▶ _INFORMATION PROVIDED_:
________________________________________
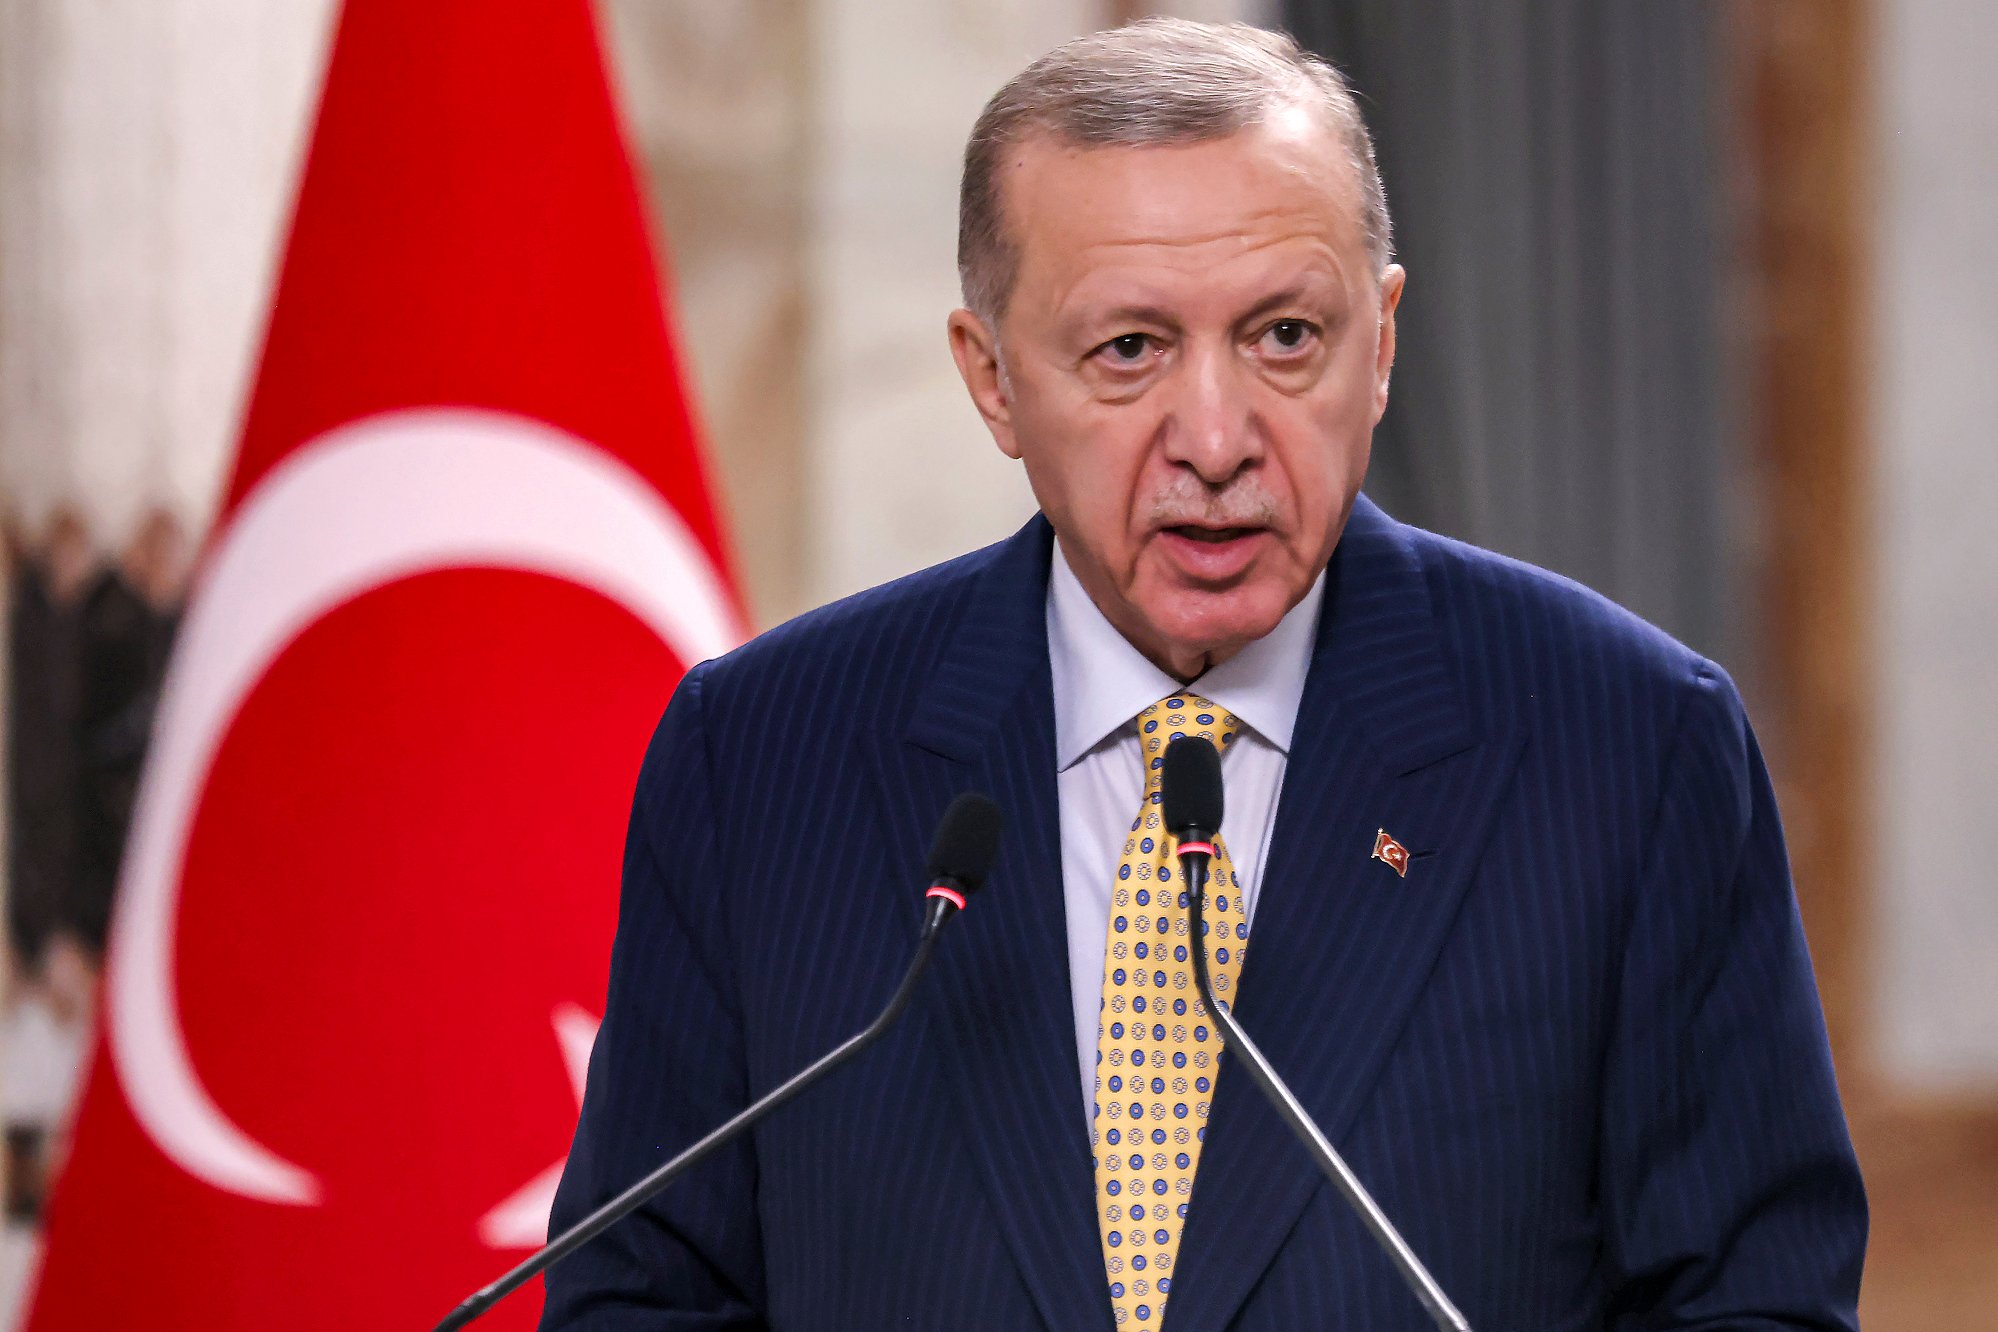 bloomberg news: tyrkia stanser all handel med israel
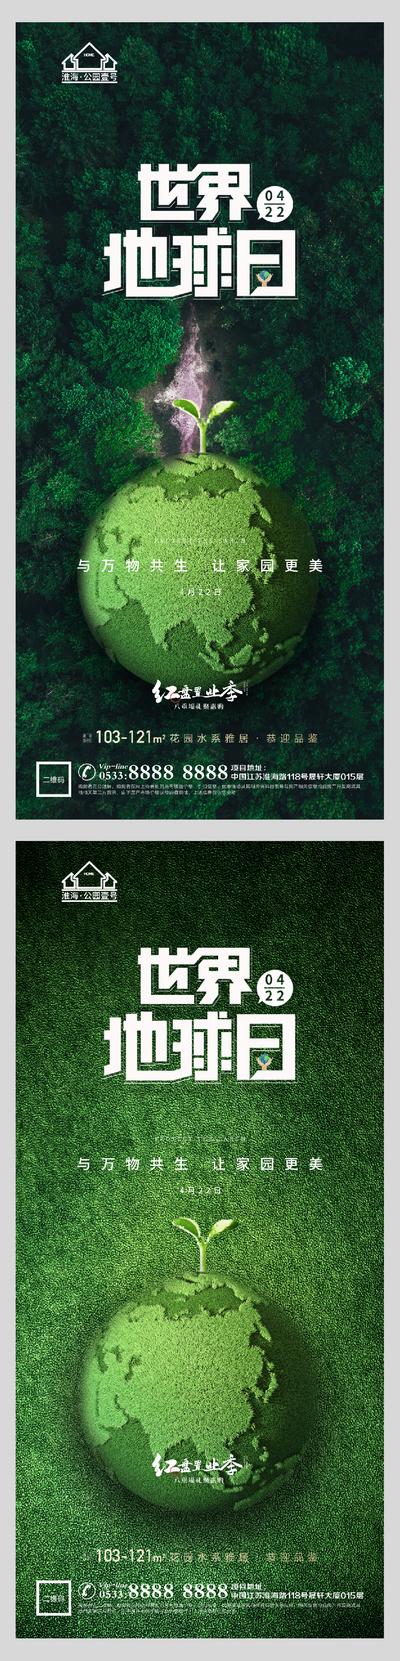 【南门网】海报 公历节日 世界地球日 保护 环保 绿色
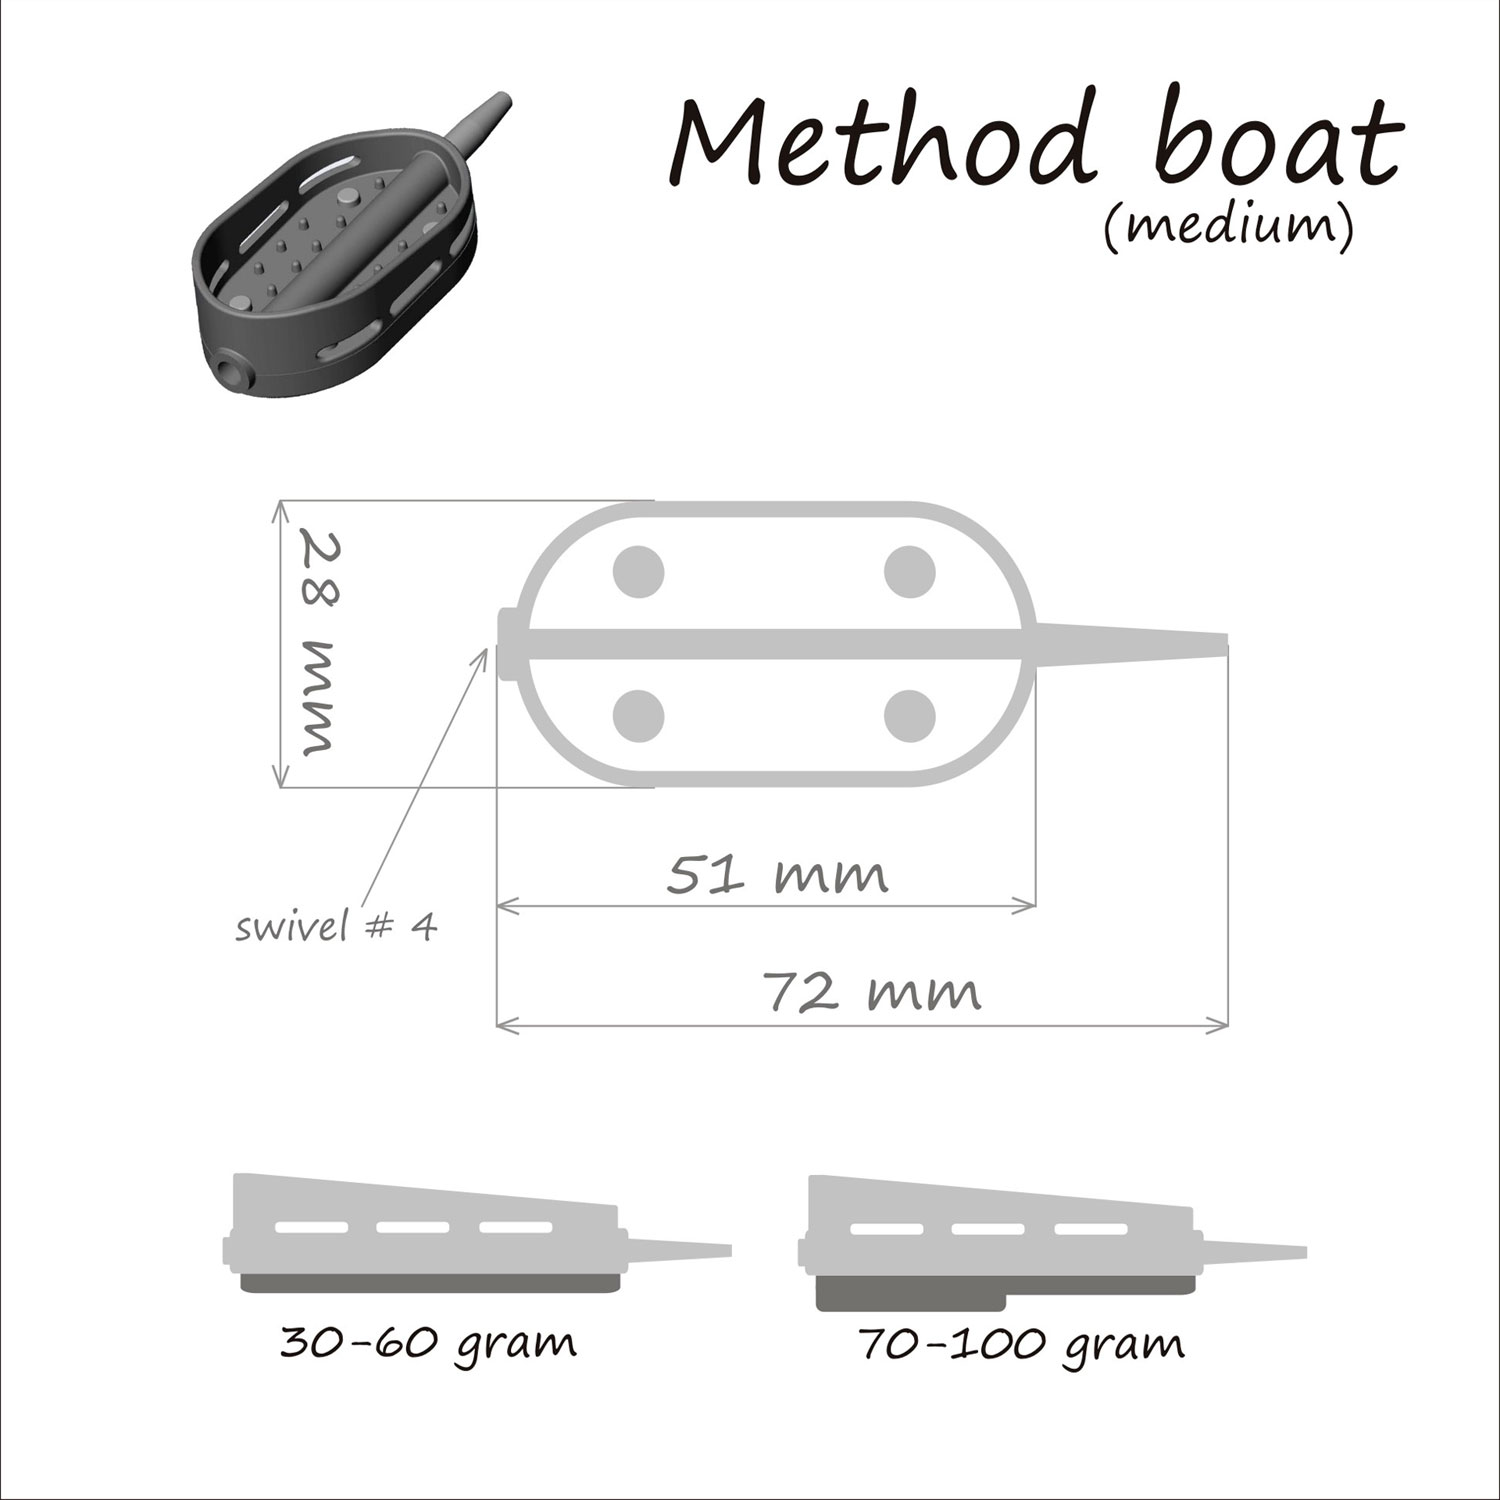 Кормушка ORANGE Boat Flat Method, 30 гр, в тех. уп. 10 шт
________________________________________
Starting with the line that contains "世界地球日 保护 环保 绿色", copy every line word for word through the end of the listing above, but leave out the pictures.

▶ _ANSWER_:
 【南门网】海报 公历节日 世界地球日 保护 环保 绿色
 Кормушка ORANGE Boat Flat Method, 30 гр, в тех. уп. 10 шт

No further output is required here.